Começávamos uma longa jornada de gravações pelo interior do Rio Grande do Sul. A realização de um sonho profissional, a oportunidade de estar perto das pessoas e contar suas histórias, o que mais amo fazer. Mas eu estava angustiada. Não sei se com o tamanho do desafio e a vontade de fazer dar certo ou com a saudade do Martin. Longos períodos assim afastada do meu filho, de sete anos, sempre geram uma certa apreensão.
Passei a noite acordando, com a TV ligada. E mesmo que só fôssemos sair para gravar às 10h, acompanhei o nascer do sol. Às 7h, estava absolutamente desperta. Fiz uma chamada de vídeo com o pequeno que estava indo para a escola, e segui, ali, naquela angústia que não passava.
Depois de dias de chuva, o sol aparecia no céu da cidade de Farroupilha, na Serra. Na mala, entre equipamentos e figurinos, tinha tênis e roupa de ginástica.
Não havia vontade real de sair, mas me vesti, coloquei um podcast no fone de ouvido e fui caminhar, intercalando alguns pequenos trechos de corrida. Deparei com um parque: um lago no meio refletia o sol, e conforme eu ia percorrendo aquele espaço, meu ânimo ia mudando. O corpo em movimento, o suor, o ventinho e o papo animado tocando no som foram me transformando.

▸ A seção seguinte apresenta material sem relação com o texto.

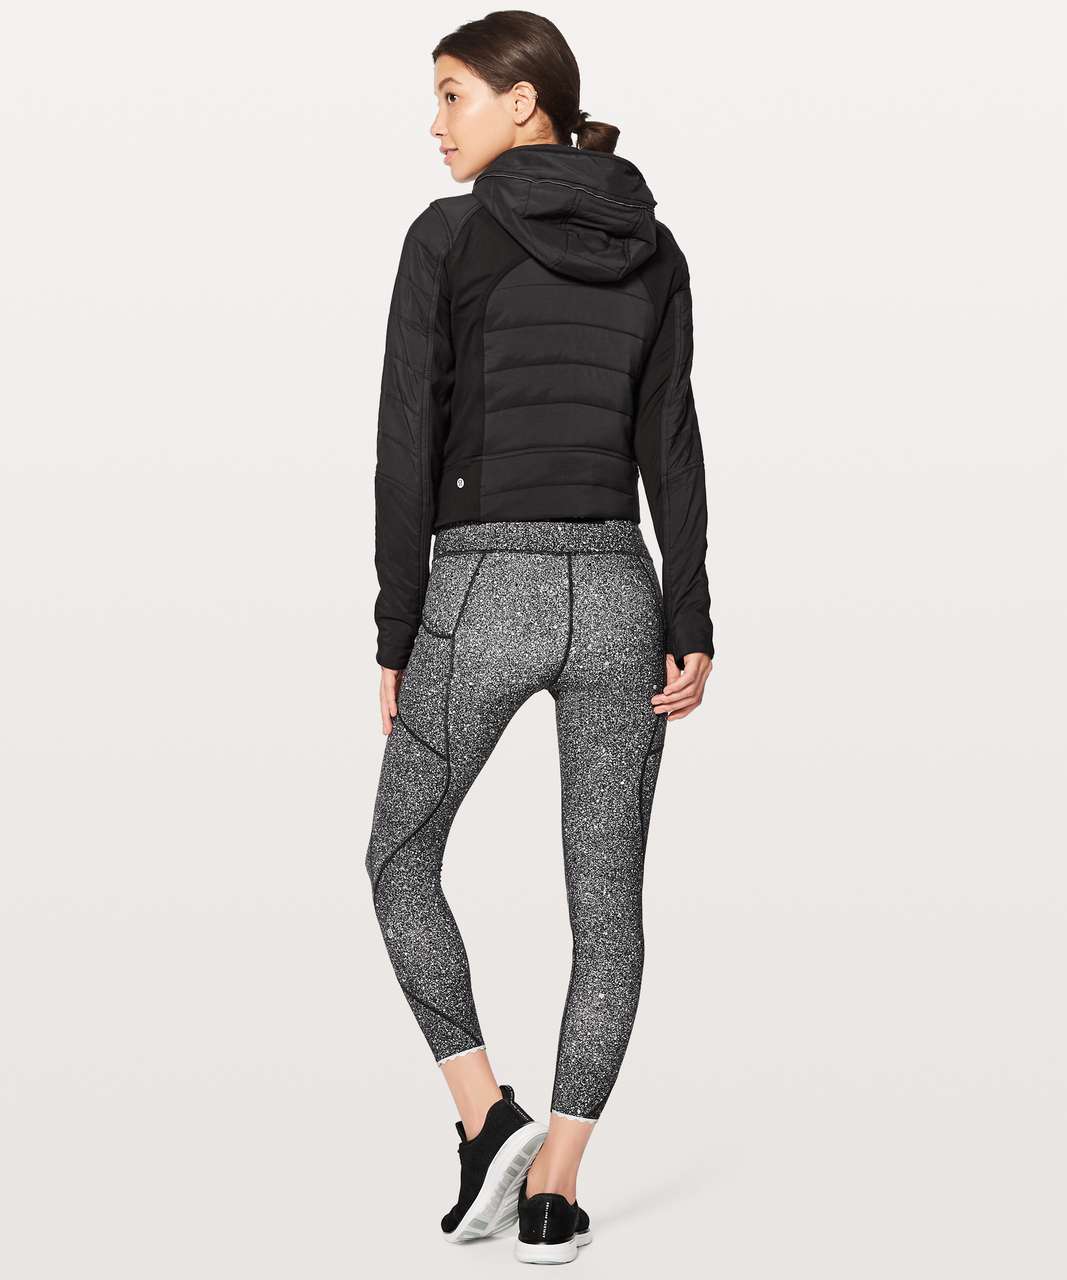 Lululemon Push Your Pace Jacket - Black (First Release)
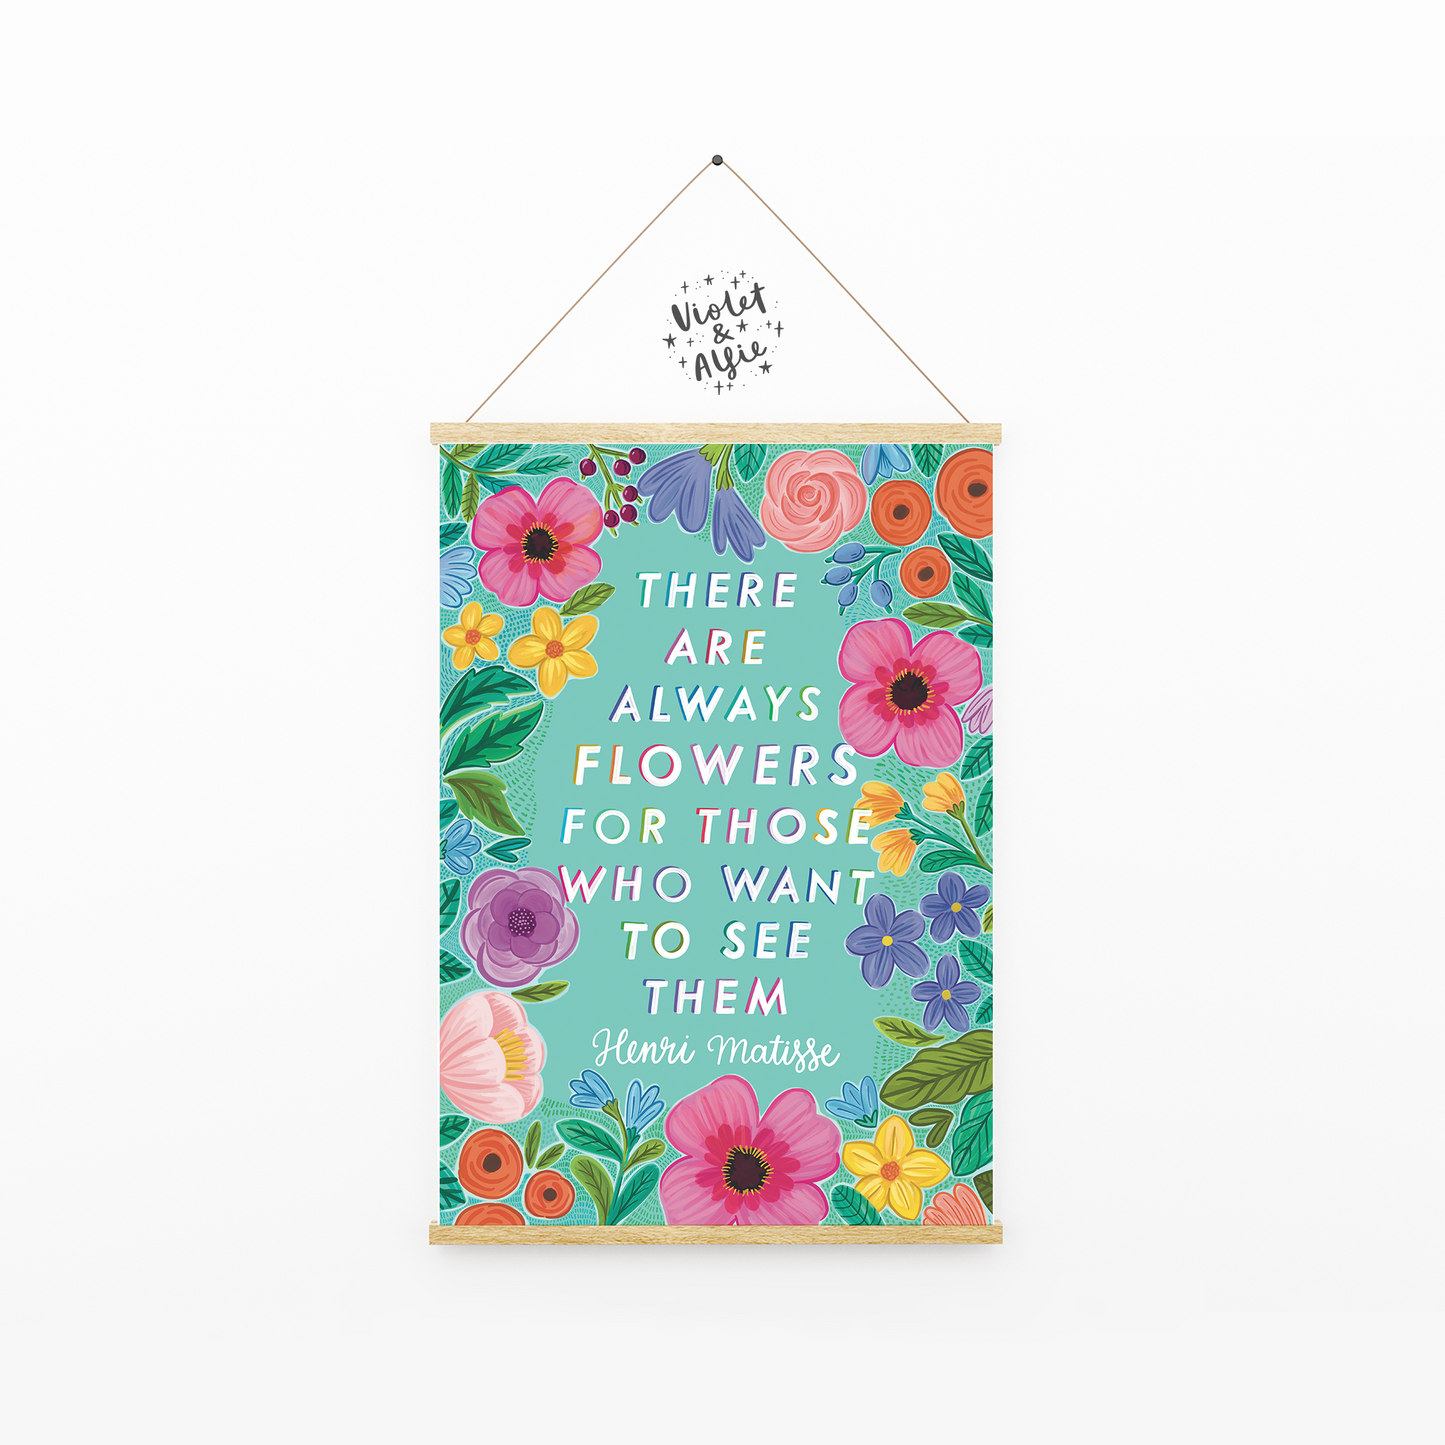 Henri Matisse Quote, there are always flowers for those who wish to see them, flower illustration art, floral wall decor, botanical wall prints, prints for mum, prints for kitchen, colourful wall art, maximalist home decor accessories

A cada passo o movimento de corrida foi ficando mais natural e tranquilo. Eu quase conseguia sentir as coisas ruins indo embora, ficando pelo caminho.
Grandes corredores, maratonistas ou ultramaratonistas relatam que entram em uma espécie de transe nas provas — no extremo esforço, as dores são aplacadas através da conexão com a mente. Amigos, conhecidos e corredores amadores sempre me contam que usam o momento da corrida para "colocar as ideias no lugar". Nunca tinha entendido. Até aquele dia.
Voltei para o hotel. Tomei um banho. E saí para trabalhar sendo uma pessoa completamente diferente daquela que tinha acordado. Muito mais leve. Tenho certeza que foi o efeito do exercício físico, que, pela primeira vez em meus 37 anos, não veio acompanhado de sofrimento.
A corridinha descompromissada em meio ao trabalho na Serra foi resultado de uma decisão tomada na primeira consulta com o oncologista depois do fim da parte mais intensa do meu tratamento para o câncer de mama. E reforçada em outubro do ano passado, na primeira edição da série Caminhos para a Vitória, do Globo Esporte, de que o exercício físico precisa fazer parte da minha vida.
Saí pra correr naquele dia. Improvisei um treino dentro do quarto quando choveu. Usei a salinha de ginástica de outro hotel pra me mexer. E a cada "sim" para o exercício me sentia mais preparada. A musculatura tem que estar forte para a corrida não ser sacrifício. A corrida ajuda a ganhar resistência para outras tantas atividades.
Nessa semana me matriculei em uma aula de dança. Na rotina de cuidar de casa, trabalhar, dar conta dos meus afazeres e de um filho pequeno, às vezes, fica bem difícil acreditar que cabe um tempinho para o exercício. Mas aprendi que precisa caber. É a nossa saúde. Física e também mental.
Com este pensamento começo a segunda temporada de Caminhos para a Vitória, que estreou essa semana no Globo Esporte, na RBS TV. Será uma jornada mais longa e completa, de seis meses com esse espírito. Esse novo Caminhos tem a proposta de nos preparar para a cobertura da Copa do Mundo no Catar. Será mais uma experiência desafiadora, longe do filho, com as angústias ali prontinhas pra tomar conta. Mas já aprendi: vou levar um tênis de corrida na mala, ele pode salvar o dia.